Both old and young are suffering. Walrus mothers bring their pups along on food runs, and the young are even more ill equipped to handle these new stressors. Noren says that the juveniles are still developing the cardiovascular systems that will one day allow them to swim, dive, and thermoregulate like an adult. “The pups aren’t built like marine mammals yet,” Noren says. “They’re built more like terrestrial animals.”

We’re really only just beginning to understand what effect climate change may have on the Arctic and the walruses that live there. In her work, for instance, Noren is trying to determine how much energy a walrus needs to survive, reproduce, and nurse its young, so she and other researchers can better calculate how environmental changes may affect them in the long term.

This is easier said than done, she says, because the animals are extremely difficult to study in the wild. For one thing, their habitat is hostile and remote. For another, “Walruses are really, really dangerous,” she says. When confronting a threat, an adult walrus has two basic responses: Throw all two tons of its weight into a jiggly but formidable charge, or flee into the water. The latter is problematic when there are thousands of animals sitting ass-to-ankles on a single beach.

“We’re getting a lot of trampled calves,” Noren says. “That’s why we can’t target-count them…. We have to have the airplanes fly high so as not to scare the animals off the land. They’re startle-happy.” Noren says pilots from the oil and gas industry are far less thoughtful of the animals below.

But help may be on the way. After a 12-month inquiry, it appears the Fish and Wildlife Service will add the Pacific walrus to the Endangered Species List sometime next year. Among other things, it is hoped that the listing would limit how much survey fly-bys, shipping lanes, and oil and gas operations can encroach on walrus habitat.
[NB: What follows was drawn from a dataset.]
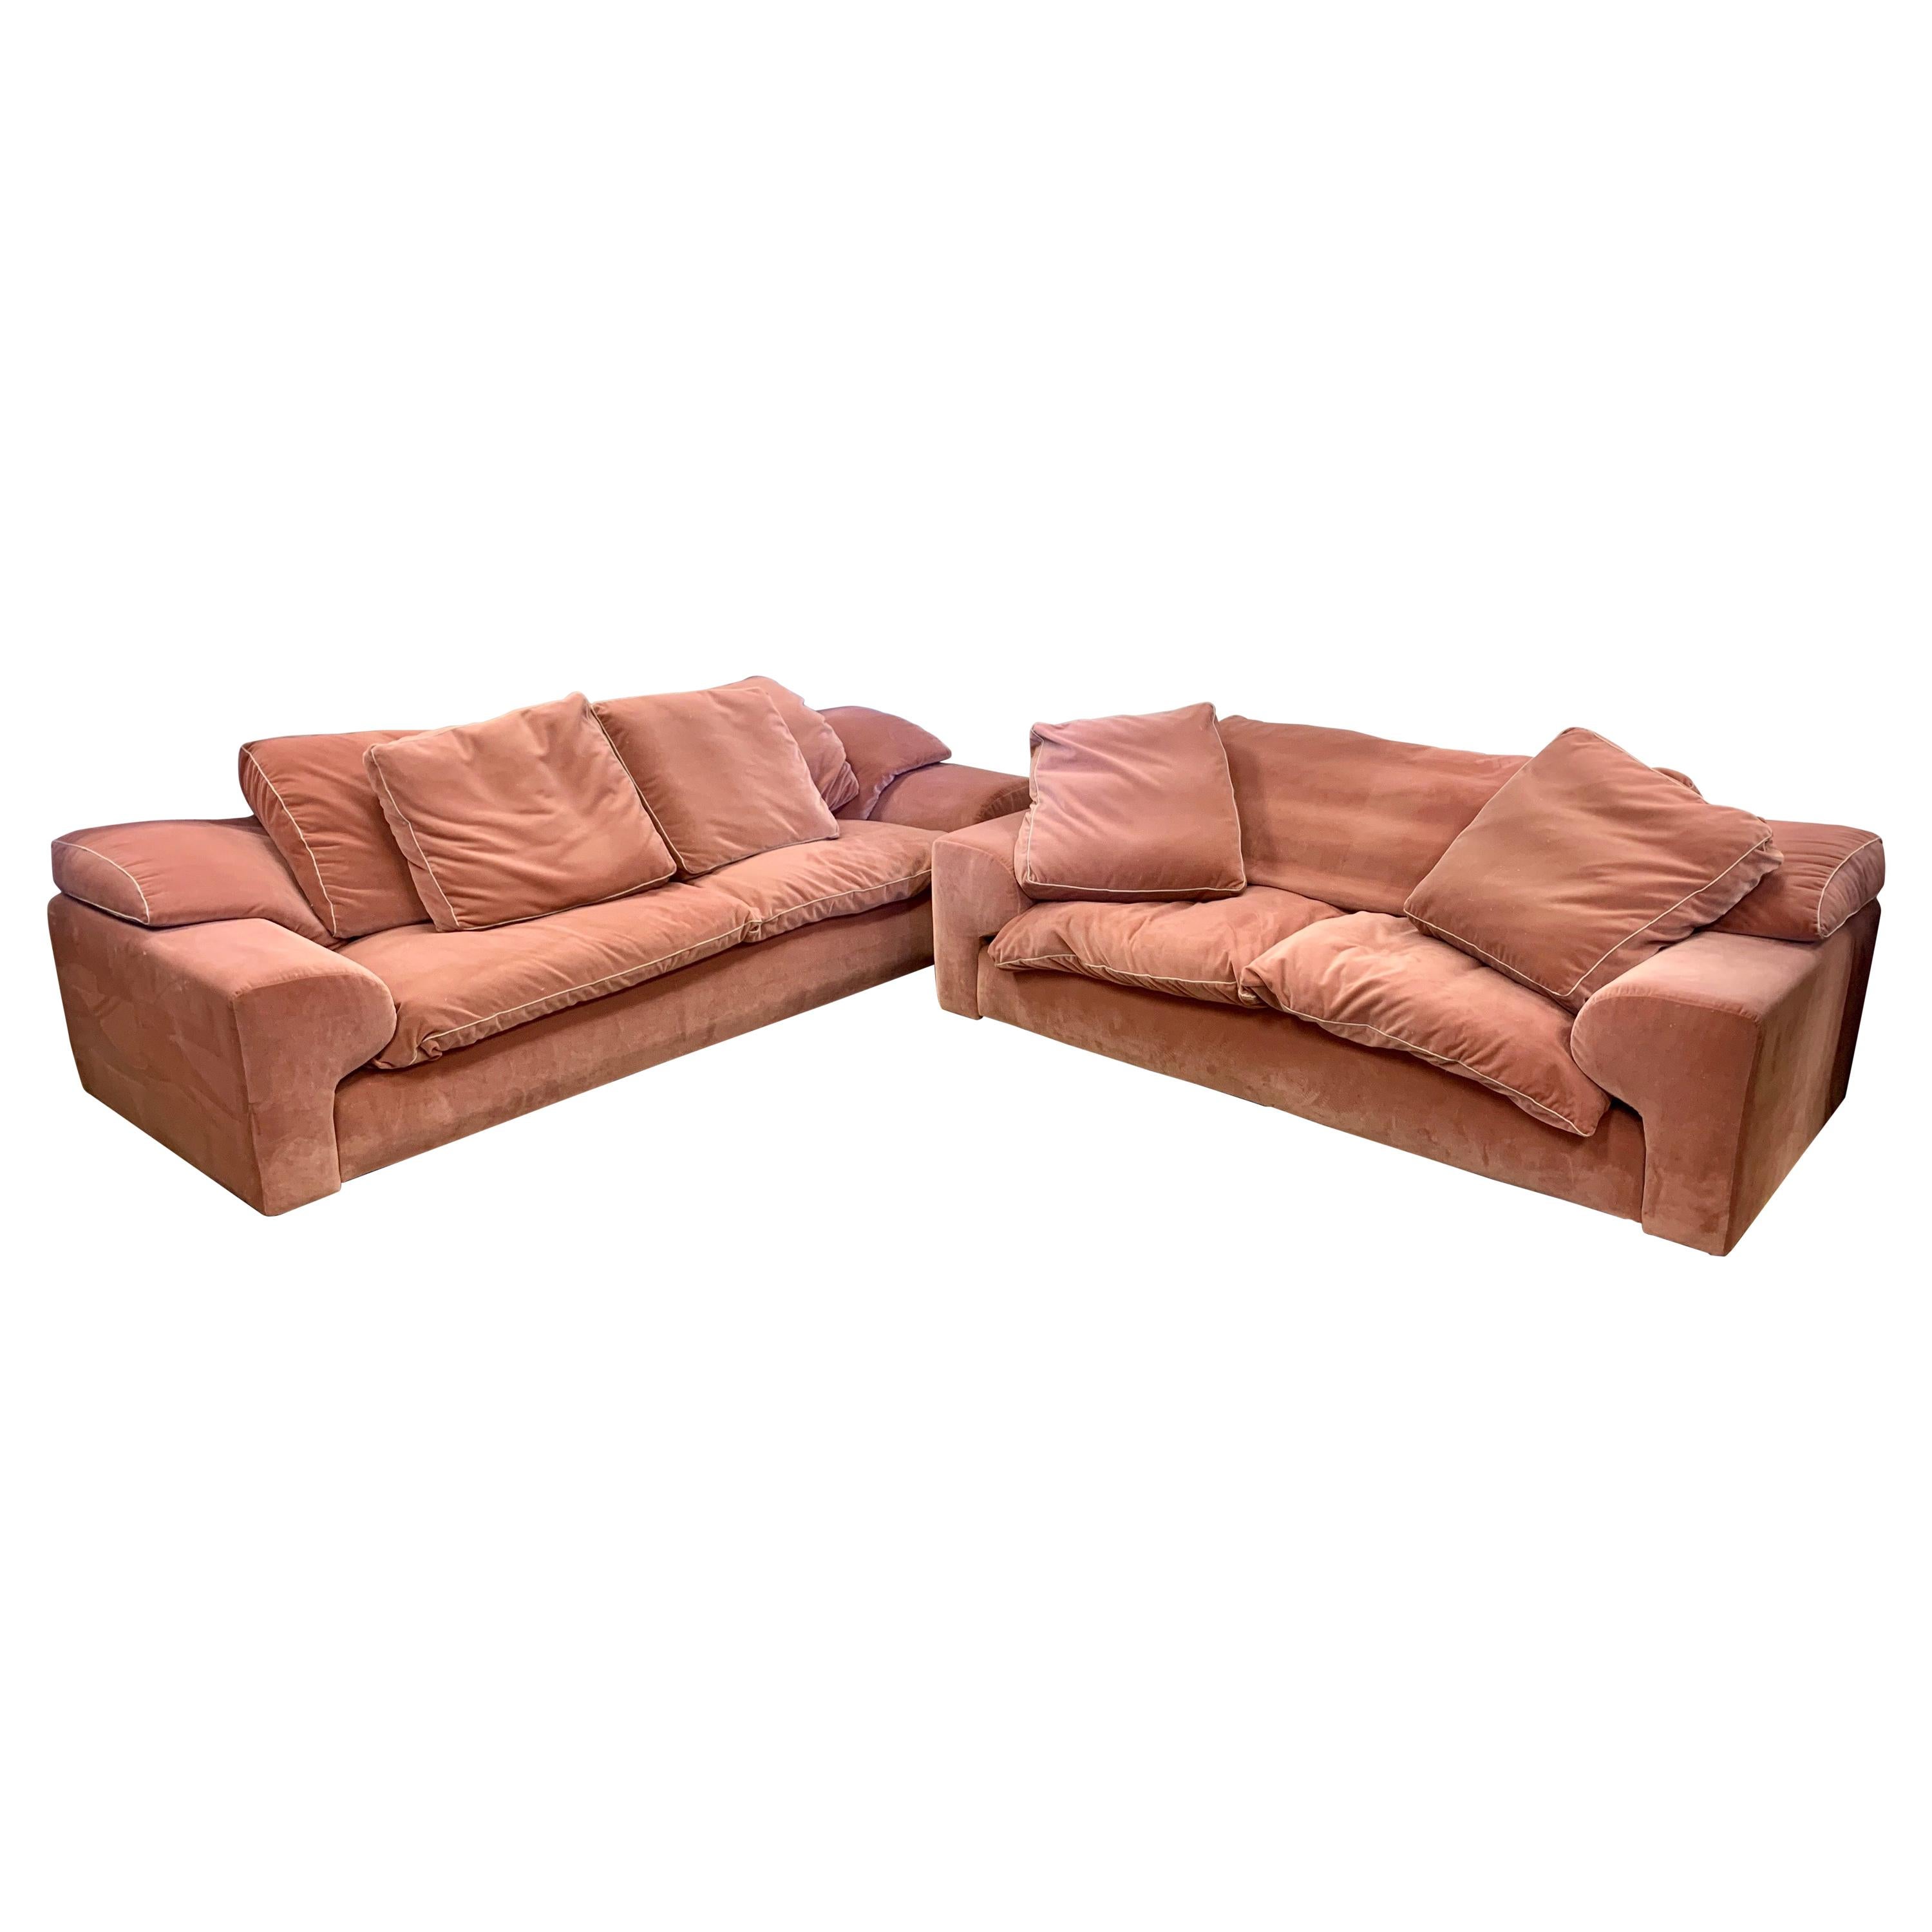 Signed Set of Roche Bobois Sofa and Matching Loveseat in Pale Pink Velvet

The sea-ice problem, however, still looms large. For six of the past eight years, summer sea ice has been so scant that onshore walrus congregations have become the new norm. And the National Oceanic and Atmospheric Administration predicts the Arctic could see ice-free summers as soon as 2040. That not only would spell big trouble for walruses (and polar bears), but could bring an increase in shipping traffic—the impacts of which are a big question mark for Arctic wildlife.
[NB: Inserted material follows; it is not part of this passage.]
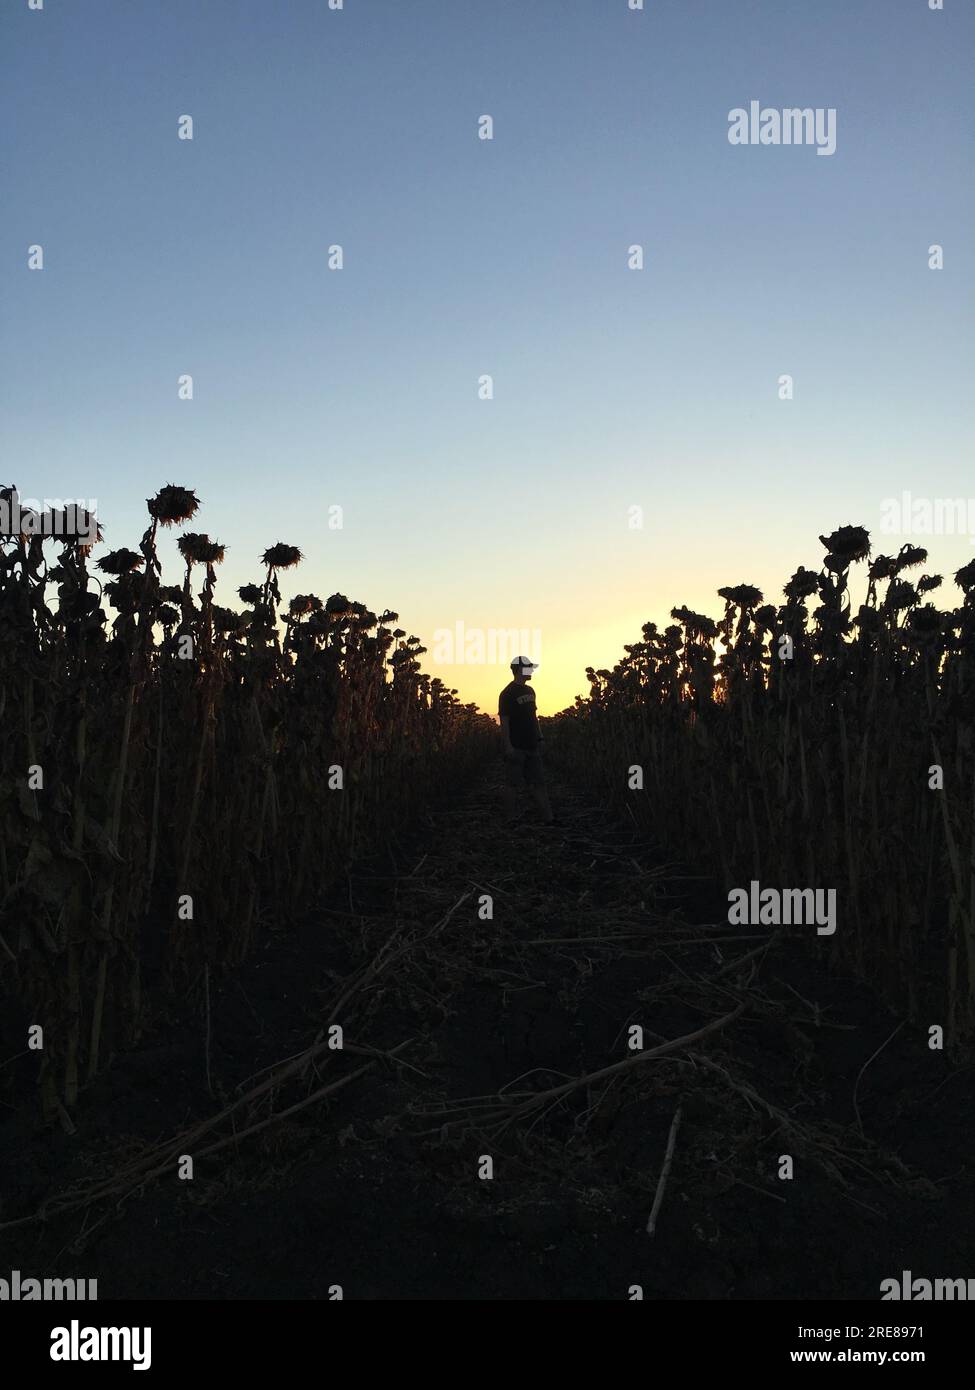 Silhouette of a man in a baseball cap standing in a Sunflower Field at Dusk, Dixon, California, USA Stock Photo

Noren says it’s sad walruses don’t get as much attention as other animals, but she gets it. She used to think of them as unintelligent Jabba the Hutts. After working closely with several captive walruses over the course of a year, though, she now sees them as individuals with unique personalities, like dolphins. She’s learned walruses have an amazingly diverse vocal repertoire, are surprisingly intelligent, and are very social.

“In fact, when they meet, they blow in each other’s faces to understand who’s who,” she says. “So when I’d come visit them, they’d come over to me, and they’d want me to blow in their faces, and I’m like, ‘All right, but I just had my coffee. You asked for it!’”

Come on, folks. Are we really going to let a two-ton, whiskered beast that blows kisses go extinct?